With local and national trends in her favor, Breen has expanded her chicken advocacy from in-home seminars and a steadily growing Facebook group, to giving presentations at neighborhood meetings throughout the city espousing the benefits of chicken-raising. Her pitch begins, of course, with the obvious benefit: fresh eggs. But the utility of raising chickens goes well beyond self-sustaining nutrition; they are true omnivores and can significantly reduce the amount of food waste that ends up in a landfill. They’ll happily eat common kitchen scraps such as the tops of tomatoes, pepper seeds, wilted lettuce and even a Halloween pumpkin. When allowed free range of a yard, they also provide effective pest control by eating insects.
As she lists virtues and reassures interested listeners that the labor involved with raising chickens is minimal compared to what’s required for the average family dog, she’s inevitably asked about noise. “It’s the number one concern,” says Breen. “People think it’s the hens that crow, but it’s only the roosters.”
Breen’s backyard is a proving ground for the truth of her pitch, and she regularly invites those who are curious or skeptical to meet her birds for themselves. Her four hens mill about in the fenced yard and scratch at the dirt in the flower beds. Their hushed clucking is only disturbed by the occasional SEPTA train passing on the tracks just beyond the back fence. Despite that constant reminder of urban life, the experience has a certain rural tranquility. “It’s like explaining why it’s so fun to watch a fish tank. It’s just really kind of nice to sit and watch the chickens,” Breen says.
The in-person experience has become a major part of Breen’s pitch to neighborhood leaders and, most recently, Councilman-At-Large Al Taubenberger. Their meeting happened somewhat by chance as Breen presented at the Fox Chase Homeowners Association on a night that the newly elected Councilman Taubenberger was in attendance. She approached him and gave her pitch about the need for new legislation.
Taubenberger joked that she was the first person to lobby him as a councilman, and he subsequently invited her to bring a chicken to his office for a meet and greet.

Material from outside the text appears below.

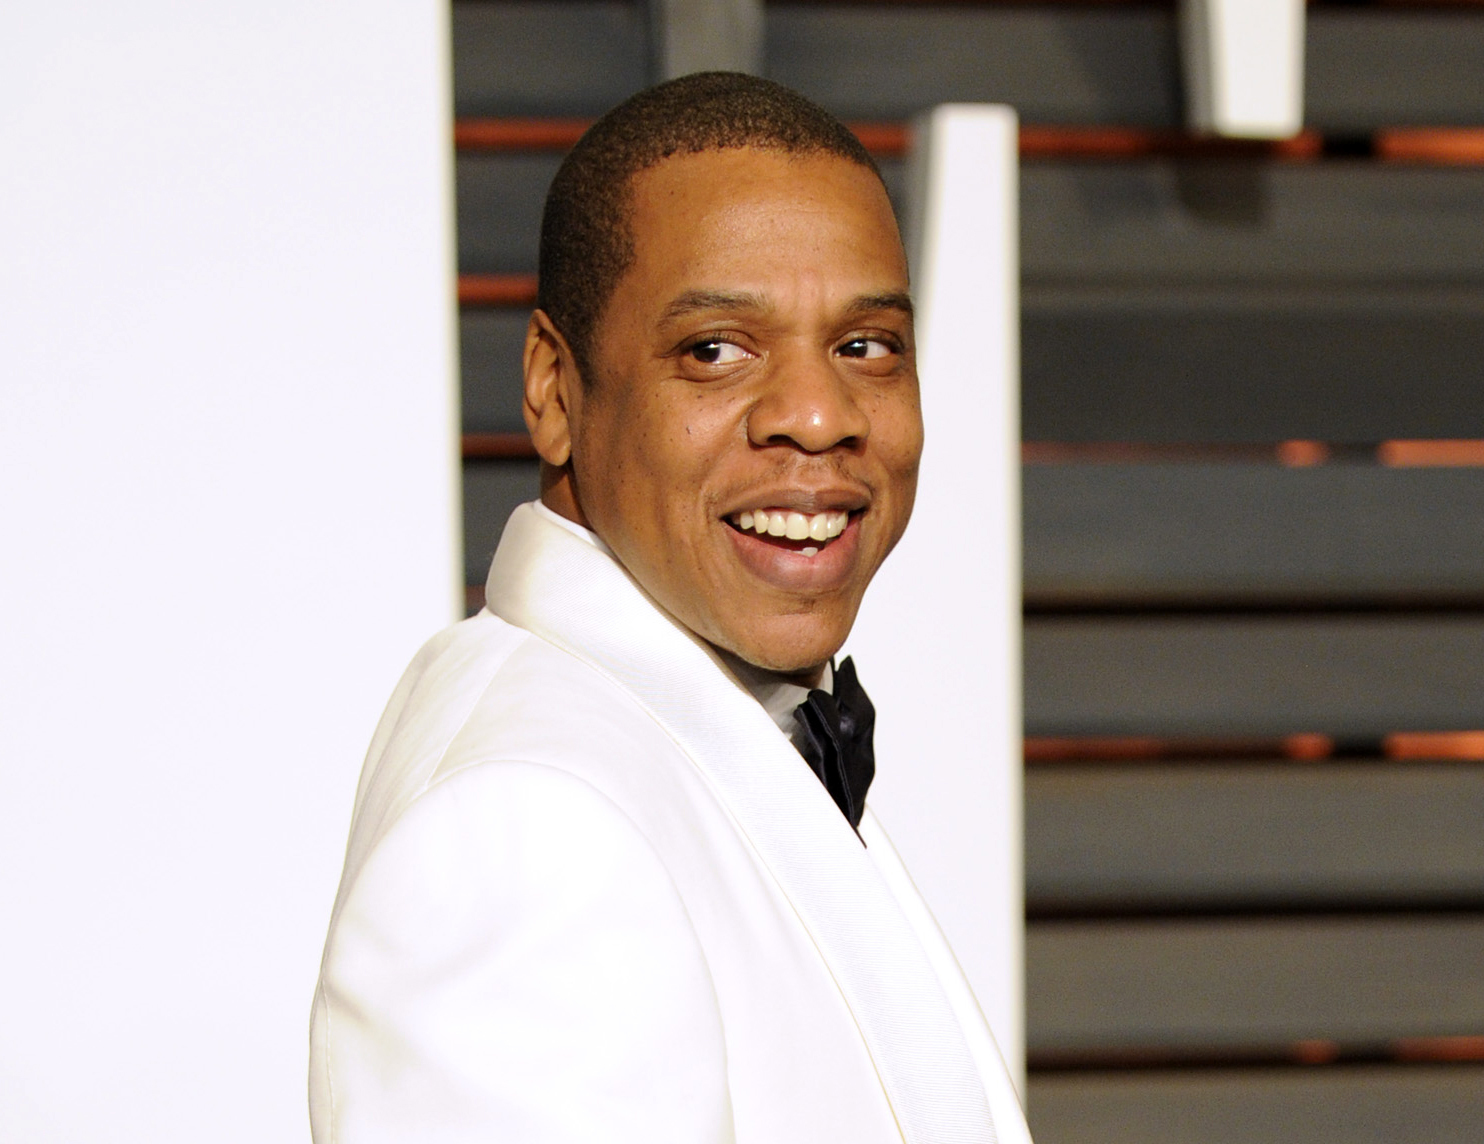 FILE - In this Feb. 22, 2015 file photo, Jay Z arrives at the 2015 Vanity Fair Oscar Party in Beverly Hills, Calif.  Jay Z, one of contemporary music’s most celebrated lyricists and entertainers, is one of the nominees for the 2017 Songwriters Hall of Fame, and if inducted he could become the first rapper to enter the prestigious music organization. The Songwriters Hall gave The Associated Press the list of nominees Thursday, Oct. 20, 2016 a day ahead of its official announcement. (Photo by Evan Agostini/Invision/AP, File)

At the meeting, he helped educate her on the necessary legal steps to change the law.
“I learned that I need to get nine council people positively oriented toward chicken legalization. I’m trying to recruit chicken owners in each council district to approach their councilperson,” Breen says.
Through the Facebook group, she has successfully mobilized people living in a number of the city’s 10 council districts to petition their representative, and is actively seeking more. She has also drafted a new version of the livestock ordinance that removes chickens from the list of banned farm animals and places them under the same category as dogs and cats. It’s a simple fix, and Breen feels that enough laws are already in place to protect quality of life.
Breen estimates that she adds more than 20 members per month to her Facebook group as backyard chicken-raising gains popularity throughout the city. It’s an issue that certainly isn’t going away, and Breen is determined to see the fight through to full legalization.
Despite continued opposition from some members of Council, she’s hopeful that with continued lobbying by chicken owners, the law can be changed within the year.